La sagesse des anciens.

 Les philosophes de l’antiquité, notamment Aristote, Epicure et les stoïciens ont cru que la sagesse apportait le bonheur et que seuls les sages pouvaient être heureux.  Ils suivaient sur ce point Socrate qui avait déclaré que « nul n’est méchant volontairement ». Pourquoi ?  Parce que le méchant recherche le bonheur et ne peut que le rater. Pour être heureux, il faut vivre en harmonie avec les siens. Or le « méchant » est en conflit à la fois avec lui-même et avec son entourage.  Sa tactique pour être heureux n’est donc pas la bonne. Pour être heureux , il faut certes de la chance (ce que signifie « bon-heur », bonne chance) mais il faut aussi y travailler an adoptant une conduite réfléchie, modérée et cohérente. La doctrine dite  « eudémoniste » associe la vertu et le « Souverain Bien » .  Chez Aristote, le bonheur est lié à la réussite de l’activité, et l’activité la plus humaine étant l’intelligence, c’est elle qui est à même de nous procurer le bonheur suprême Chez Epicure,  le bonheur du sage, qui est à réaliser en ce monde, consiste en un savant dosage des plaisirs, parmi lesquels ceux de l’esprit sont toujours à privilégier .  Chez les stoïciens, puis enfin chez  Descartes, le bonheur est l’accord entre nos désirs et l’ordre du monde.
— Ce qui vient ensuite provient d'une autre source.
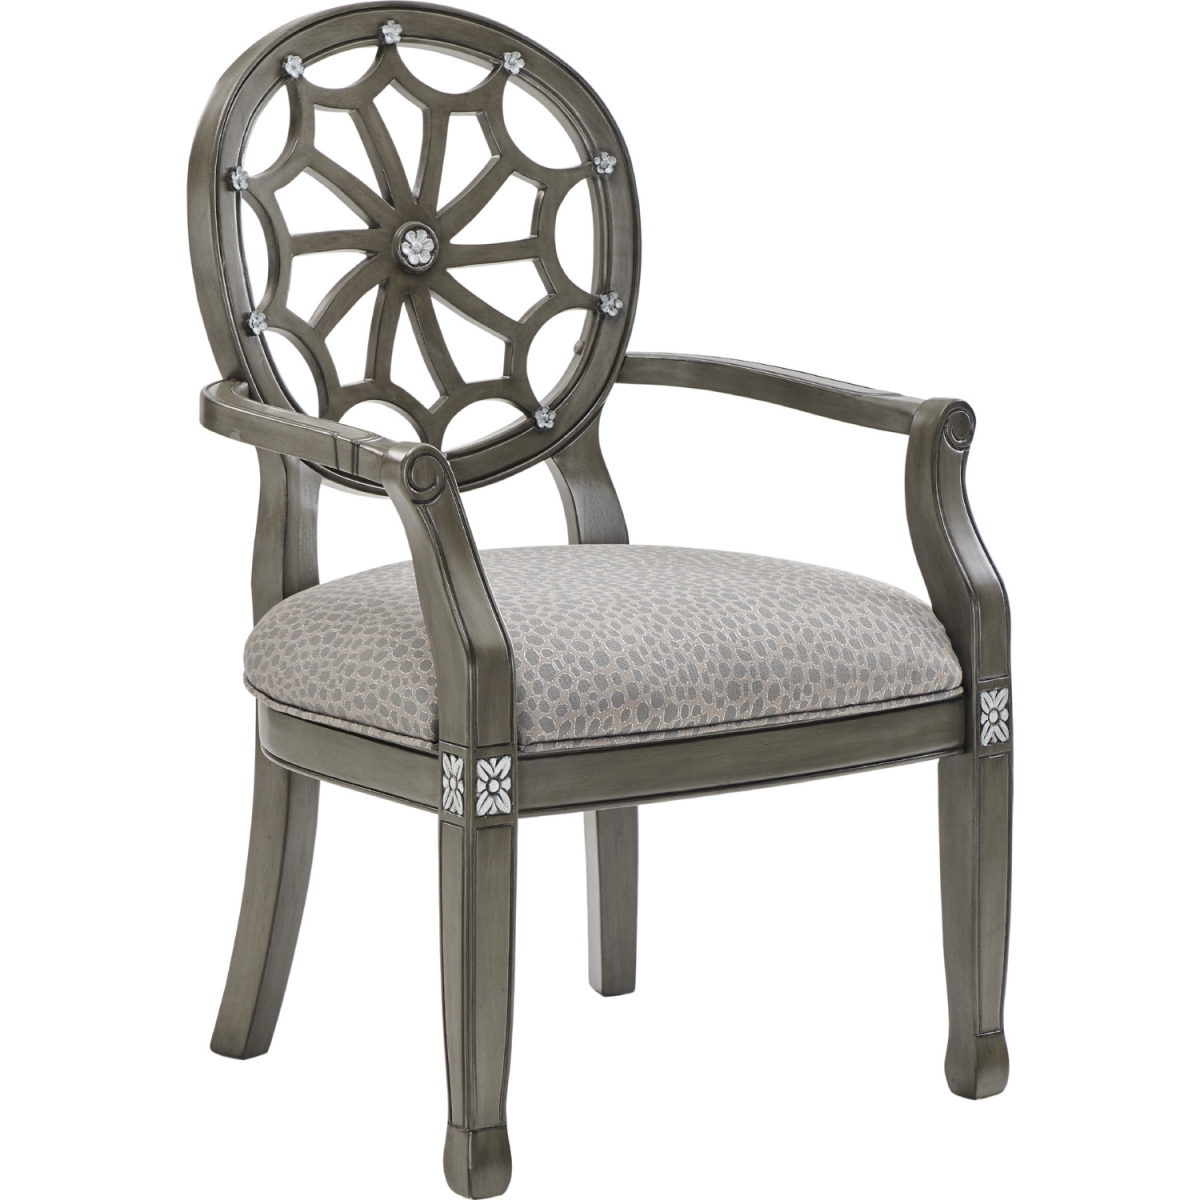 D1225s19 Spider Web Back Accent Chair, Grey

Etant donné que l’ordre du monde ne dépend pas de notre volonté, il faut essayer,  autant que possible, d’y adapter nos désirs.

 

Le renversement moderne

Pascal a accusé les stoïciens de « superbe diabolique » parce qu’ils croyaient pouvoir maîtriser complètement  leurs désirs et se rendre ainsi quasiment égaux des Dieux. Pour un chrétien au contraire, et  pour Pascal en particulier, il n’y a pas de bonheur concevable si  l’individu reste centré sur son moi, lequel est « haïssable ». Il ne peut selon lui y avoir de salut hors de la foi, et seule la « grâce » de Dieu peut nous  mettre sur la voie de la félicité. Mais il n’existe aucune certitude sur ce point,  les voies de Dieu ne sont pas connues de nous. Dans le même esprit, Kant dira que le bonheur est un « idéal de l’imagination ». Personne en effet n’est capable de dire avec clarté et assurance  quels sont  les ingrédients du bonheur. Car le meilleur (la fortune, le pouvoir, la passion amoureuse etc..) peut toujours s’inverser, ou bien tout simplement lasser. Pour ceux que  l’on appelle depuis Kant les « modernes » (chrétiens, ou désabusés et   individualistes) la morale nous indique des devoirs, mais elle ne peut nous proposer avec assurance les moyens d’être heureux. L’optimisme des anciens n’a plus cours.

 

Problèmatiques  contemporaines.
 Les philosophes modernes n’ont certes pas délaissé la problématique du bonheur.  Spinoza, au 17 ième siècle, considérait que la philosophie est une « méditation de la vie, non de la mort », et que donc la volonté de connaître la félicité ici-bas, et non dans l’au-delà,  lui paraissait pleinement légitime. Mais d’un autre côté, les philosophes s’accordent en général  pour penser désormais que le bonheur est indissociable du désir (« malheur à qui n’a plus rien à désirer » dit Rousseau). Or on constate que  le désir ne parvient que rarement,  et pour très peu de temps,  à la satisfaction, pour des raisons qui tiennent non pas aux circonstances mais à la nature du désir. Aucun philosophe ne connaît donc la recette du bonheur. La question qui se pose aujourd’hui  est donc plutôt de savoir comment réunir les conditions de possibilité du bonheur, or cette approche rejoint les préoccupations politiques car  elle recoupe les interrogations sur la justice. Comment pourrait-on être heureux dans une société injuste, en effet ? Cependant, il faut toujours rappeler que si l’Etat doit nous garantir les conditions d’une vie digne et libre, il ne peut nous apporter le bonheur proprement dit. Le bonheur est une affaire personnelle, et il appartient donc à chacun de chercher, dans la voie qui lui semble, à lui, être la bonne, pourvu qu’il ne nuise pas à la liberté d’autrui. L’Etat qui veut imposer à tous les mêmes modèles  et normes pour être heureux est despotique, voire totalitaire.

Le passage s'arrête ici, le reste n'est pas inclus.